__EXERCISE DIRECTIONS__:
Below are records with pictures; copy word for word only the lines between the line with "1 feuille Autocollant" and the line with "Weißes Schmiedeeisen Französisch", inclusive, and drop the pictures.

__SUPPLIED ENTRIES__:

○ ○ ○ ○ ○

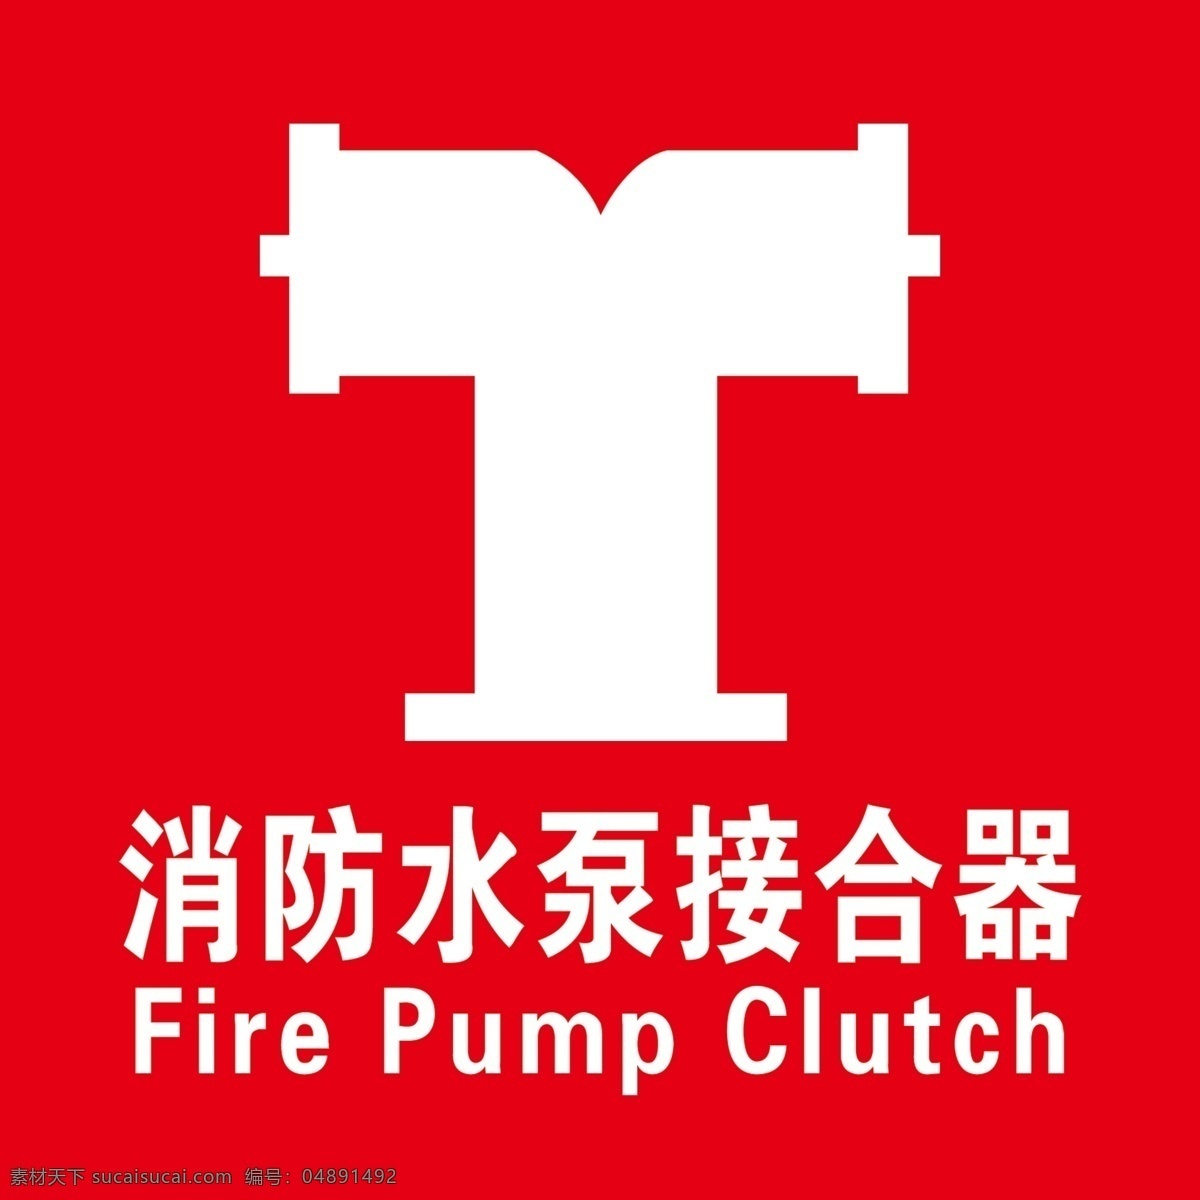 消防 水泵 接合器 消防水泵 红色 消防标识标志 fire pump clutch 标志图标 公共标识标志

○ ○ ○ ○ ○

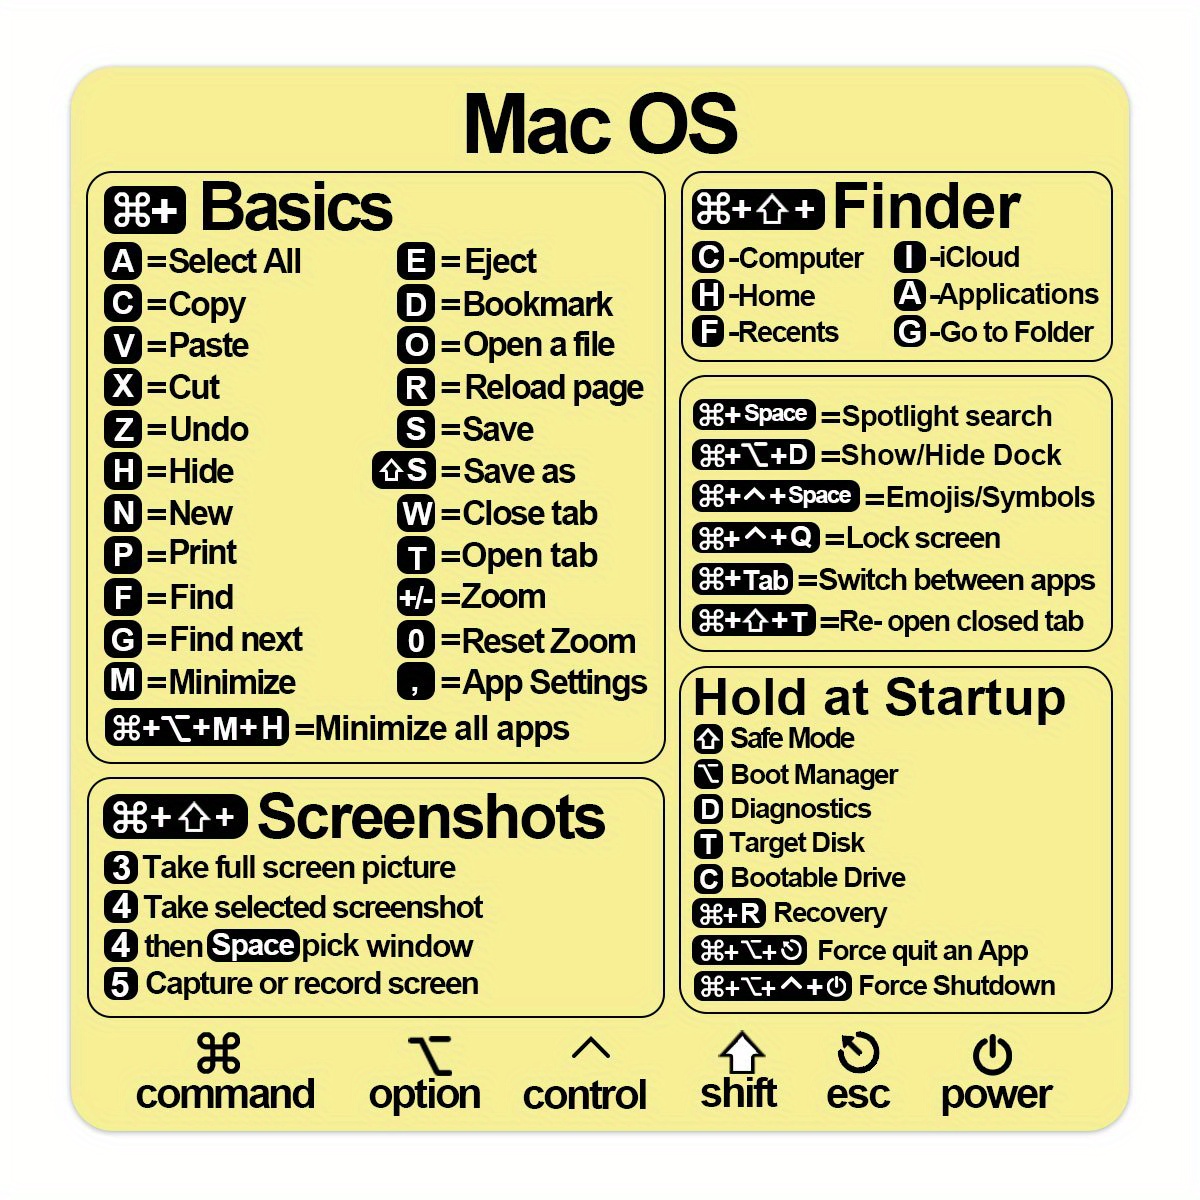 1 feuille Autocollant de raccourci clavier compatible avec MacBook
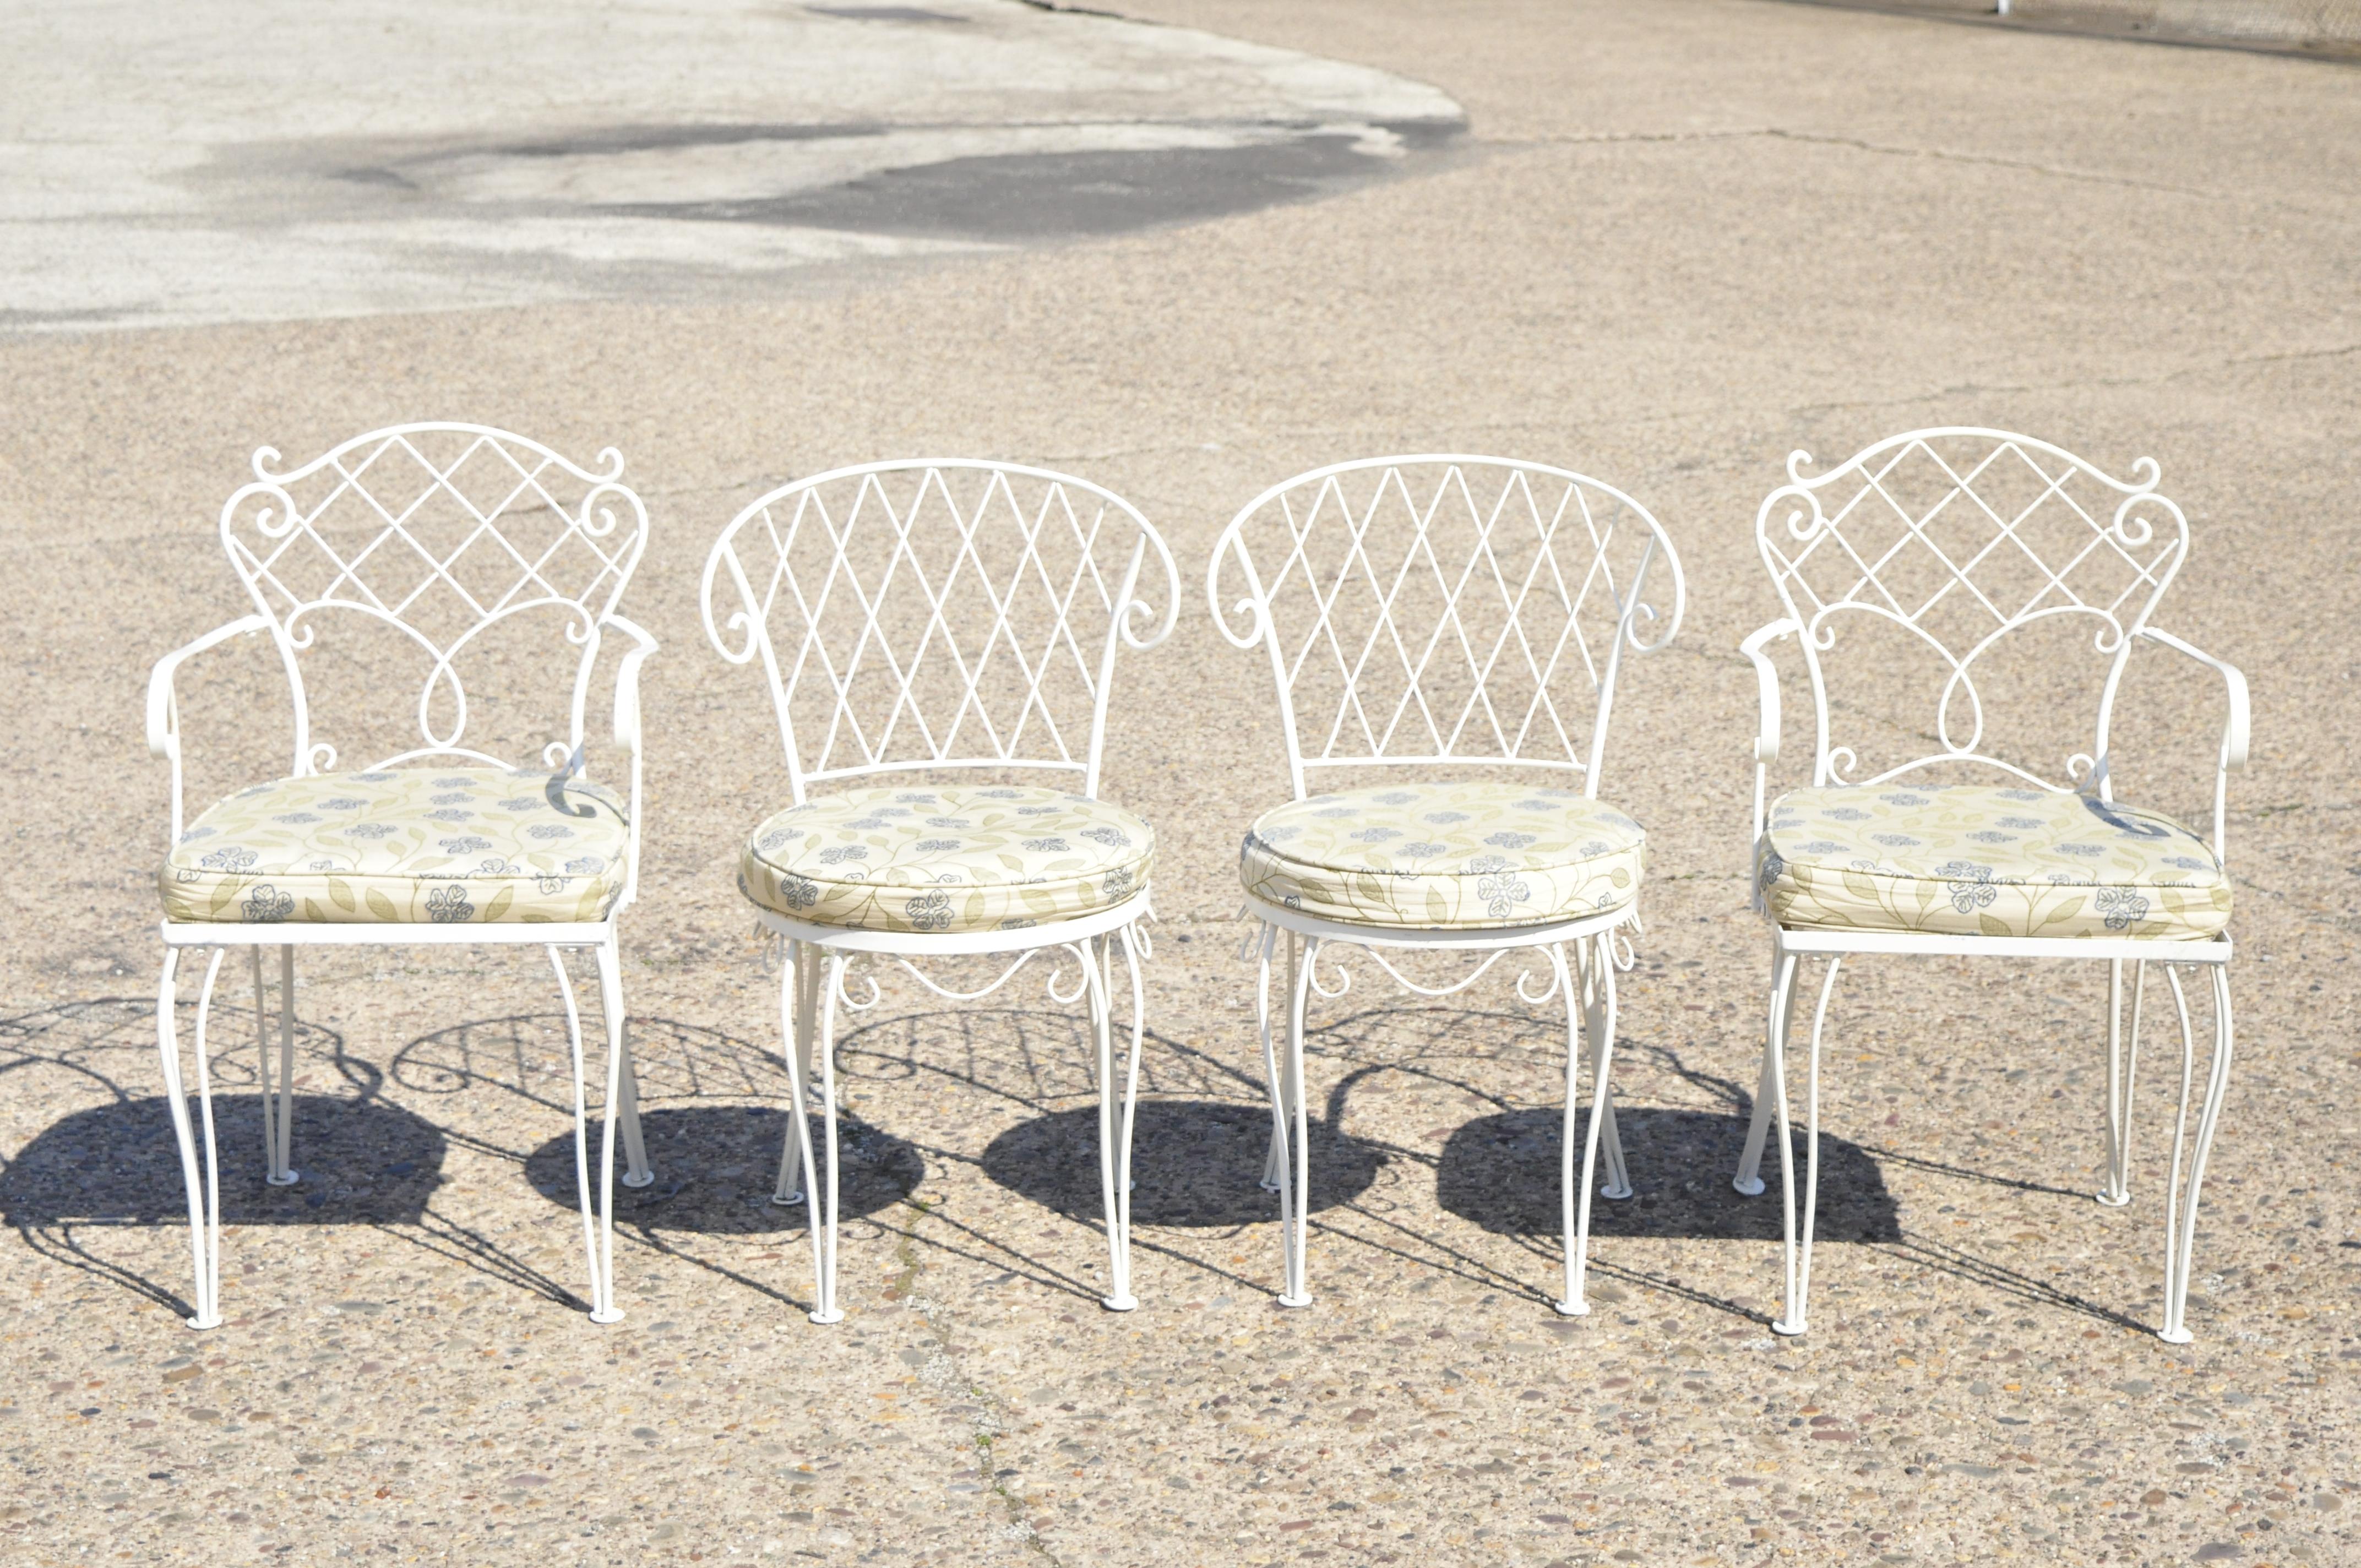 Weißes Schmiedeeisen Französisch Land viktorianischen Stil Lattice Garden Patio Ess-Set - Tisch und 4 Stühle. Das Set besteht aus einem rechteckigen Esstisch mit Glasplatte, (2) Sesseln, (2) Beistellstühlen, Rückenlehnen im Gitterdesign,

○ ○ ○ ○ ○

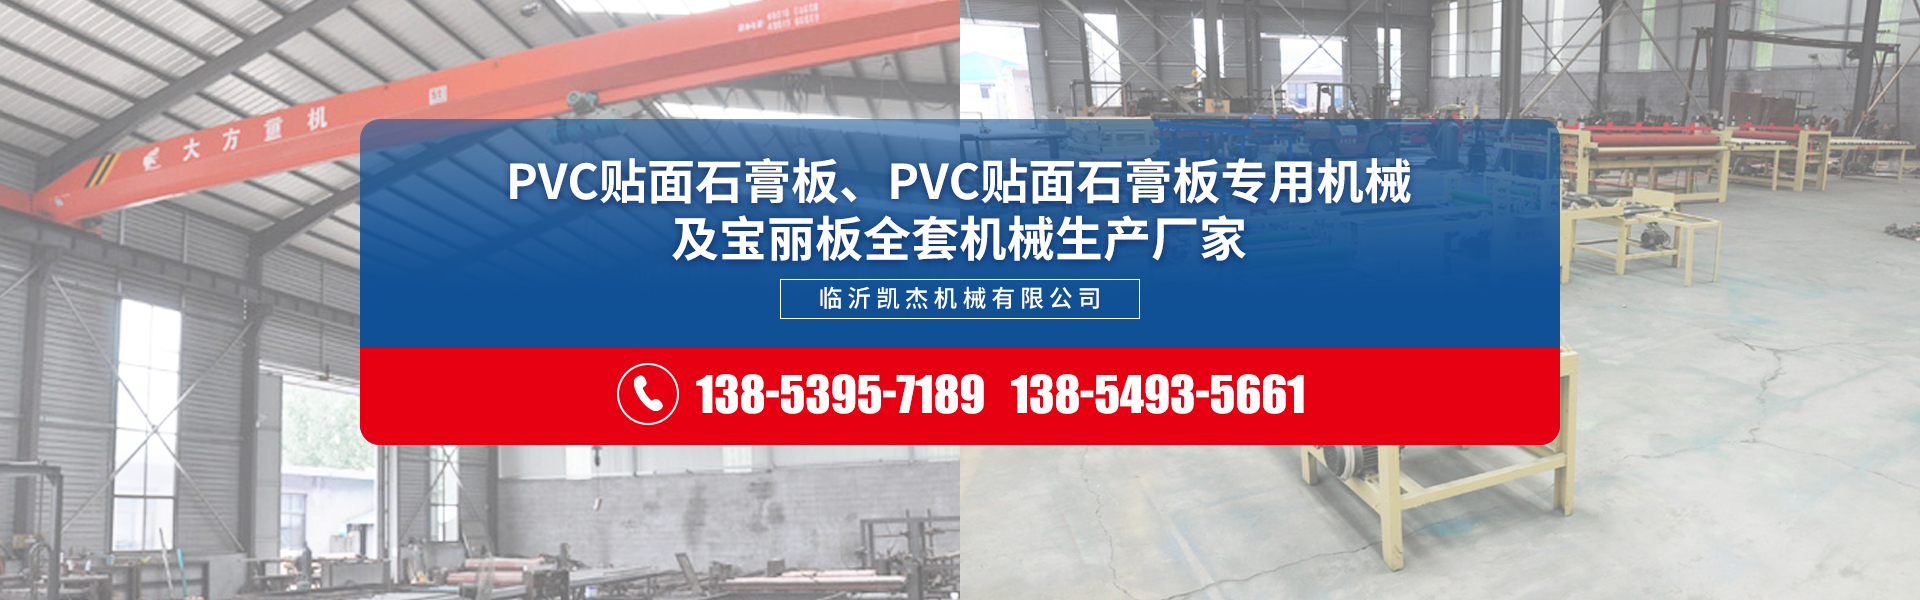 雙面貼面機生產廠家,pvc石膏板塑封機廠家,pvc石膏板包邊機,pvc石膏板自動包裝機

○ ○ ○ ○ ○

__ANSWER BOX__:
 1 feuille Autocollant de raccourci clavier compatible avec MacBook
 Weißes Schmiedeeisen Französisch Land viktorianischen Stil Lattice Garden Patio Ess-Set - Tisch und 4 Stühle. Das Set besteht aus einem rechteckigen Esstisch mit Glasplatte, (2) Sesseln, (2) Beistellstühlen, Rückenlehnen im Gitterdesign,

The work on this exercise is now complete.